My gravity-feed water filter had been through many freezes which would have rendered it useless had I used it. Ice crystals inside would have destroyed the filter. Once used, you had to keep it near your body in cold weather, night or day. Freezing was now past but happily springs were not.
Rehydrated for the night at least, I set about making supper between my tent and the tented fellow next to me. My rain gear and down jacket were scattered about airing out during a respite from precipitation. The ground was pretty wet so I sat on a plastic bag to cook. I hadn’t yet enlisted my new, yellow bear bag for this purpose. A video tells me I had Mountain House Pasta Primavera for supper, one of my purchases at Mount Rogers Outfitters.
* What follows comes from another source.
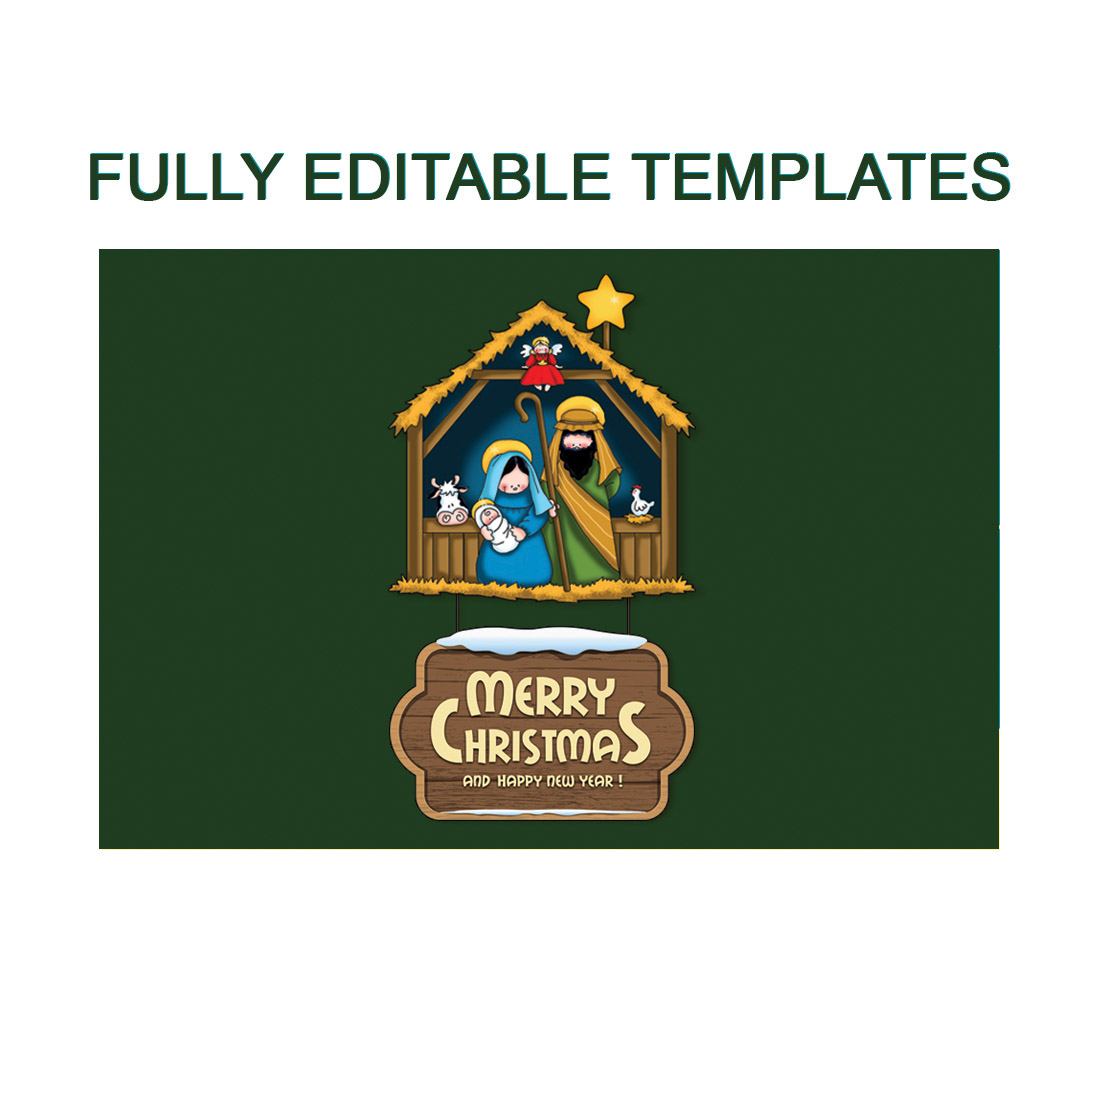 Fully Editable Christmas Greetings Card Templates preview image.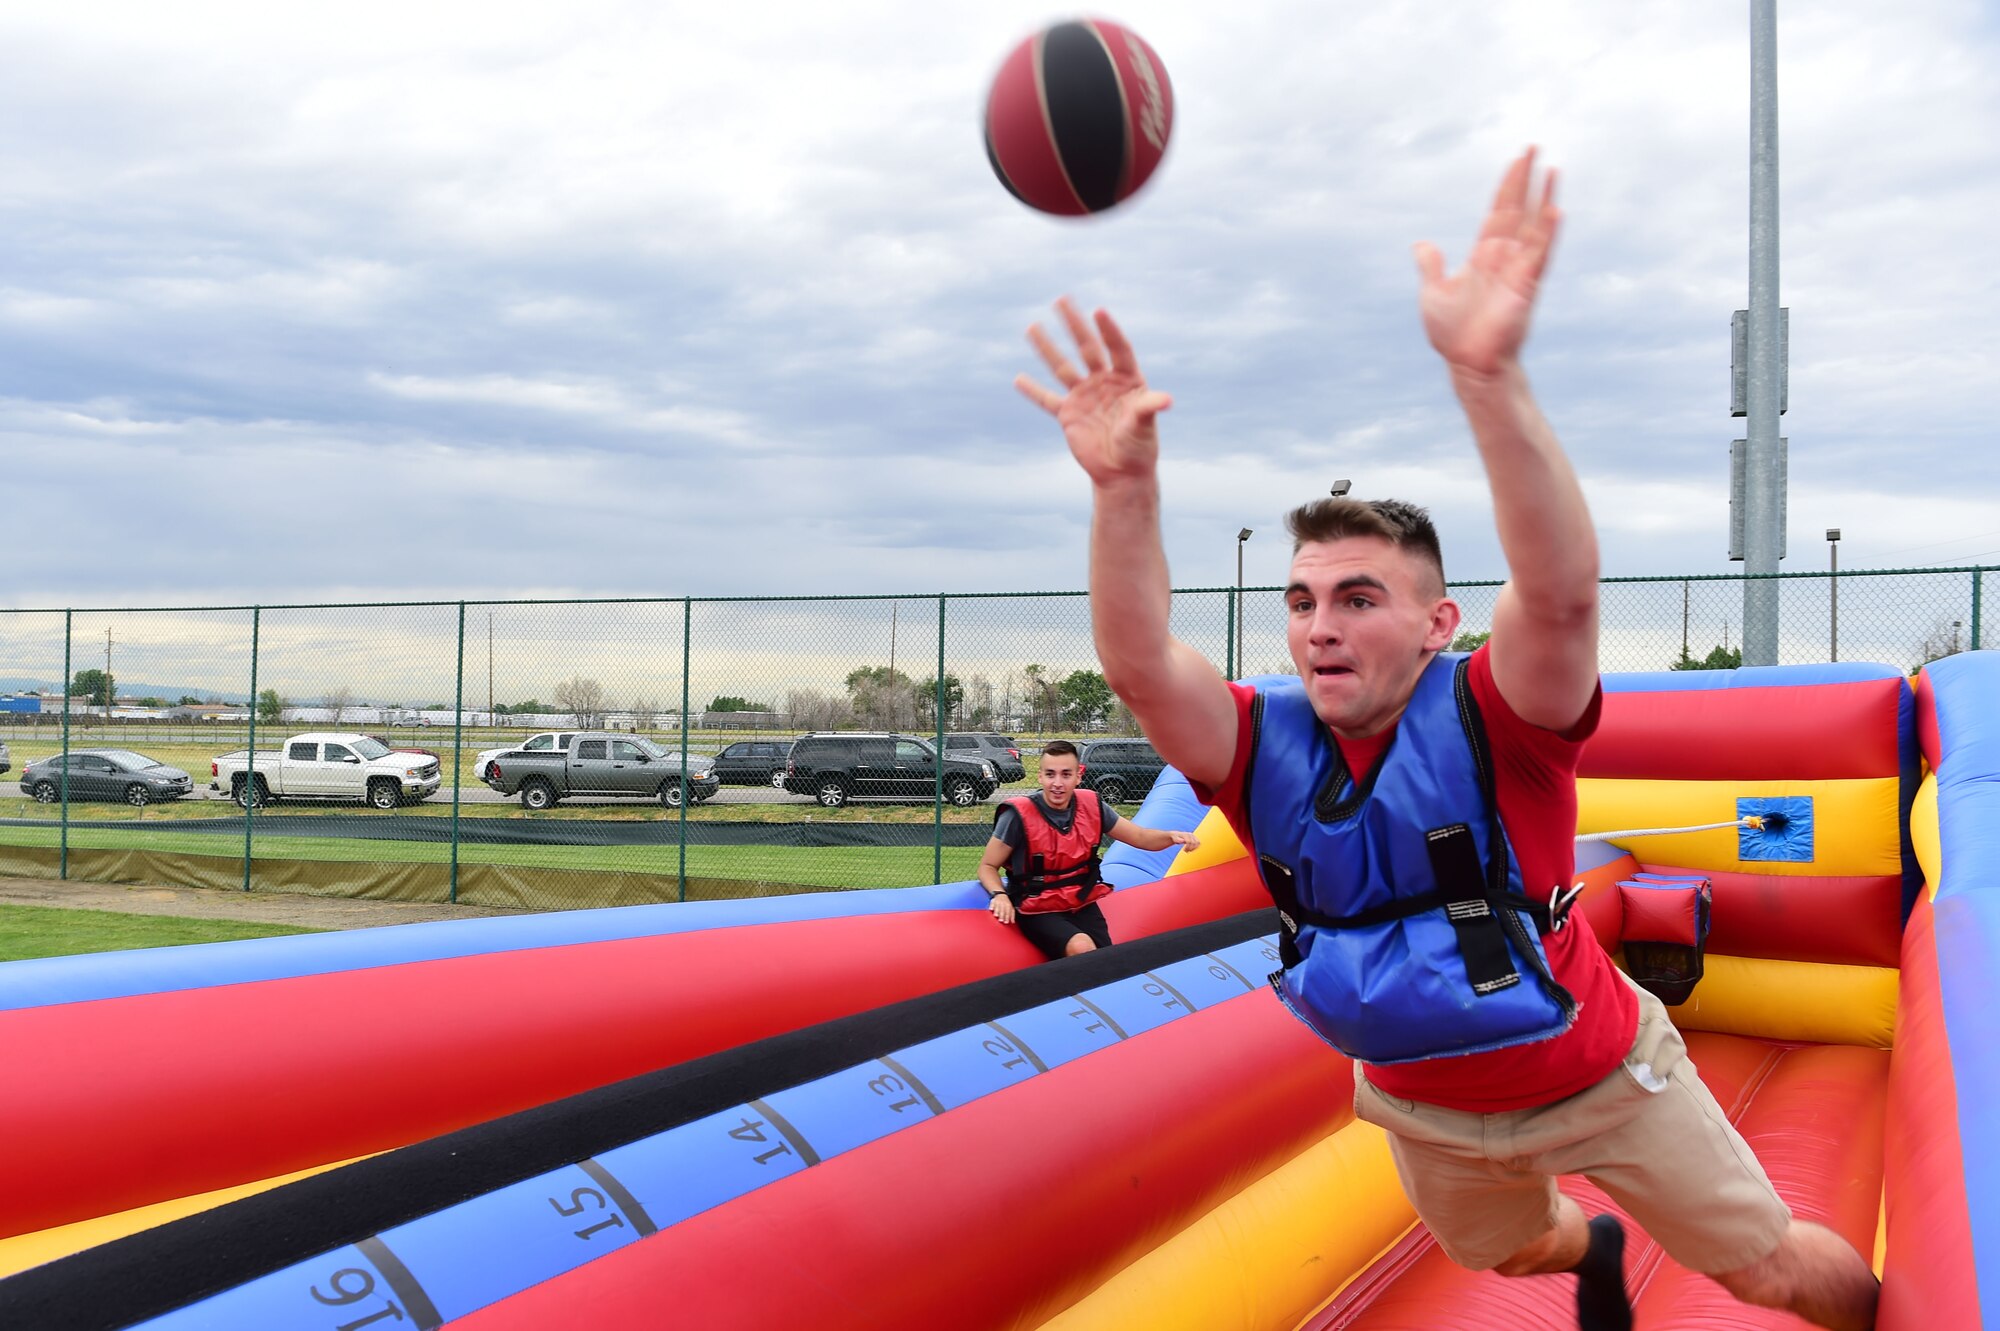 Airman 1st Class Dakota Osborne, 2nd Space Warning Squadron space systems operator, tries to make a basket during FunFest July 24, 2015, at Buckley Air Force Base, Colo. FunFest is an annual base-wide event that includes family-friendly games and activities, community involvement and local business sponsors. (U.S. Air Force photo by Airman 1st Class Luke W. Nowakowski/Released)

Clean-up and evening chores saw me to my tent. Theo and I snuggled in nice and cozy and then we heard the spring peepers from the pond trying to outdo each other. The strength of their chorus was indicative of the turn of weather to come. The more fresh water, the more they want to mate, the more they call. Rain aggravates their mating instincts. I was very glad for my earplugs. “Don’t leave home without ‘em.”
The rain predicted came in the middle of the night. Again, glad for earplugs but also glad the thunder got through. Theo and I were dry as a bone in our tidy two-walled home. I must not be alone in my appreciation of the magnificent, efficient and effective simplicity of the way in which comfort was achieved in otherwise inhospitable weather. In its own way it was every bit as cozy as a cold winter night at home with a blazing fire for which I am well known.
With the heavy rain and thunder the peeps stopped and sleep came sweetly under the heavy pitter patter punctuated by brilliant flashes and the deep, rumbling sounds of nature performing miracles in the mountains. An unforgettable night!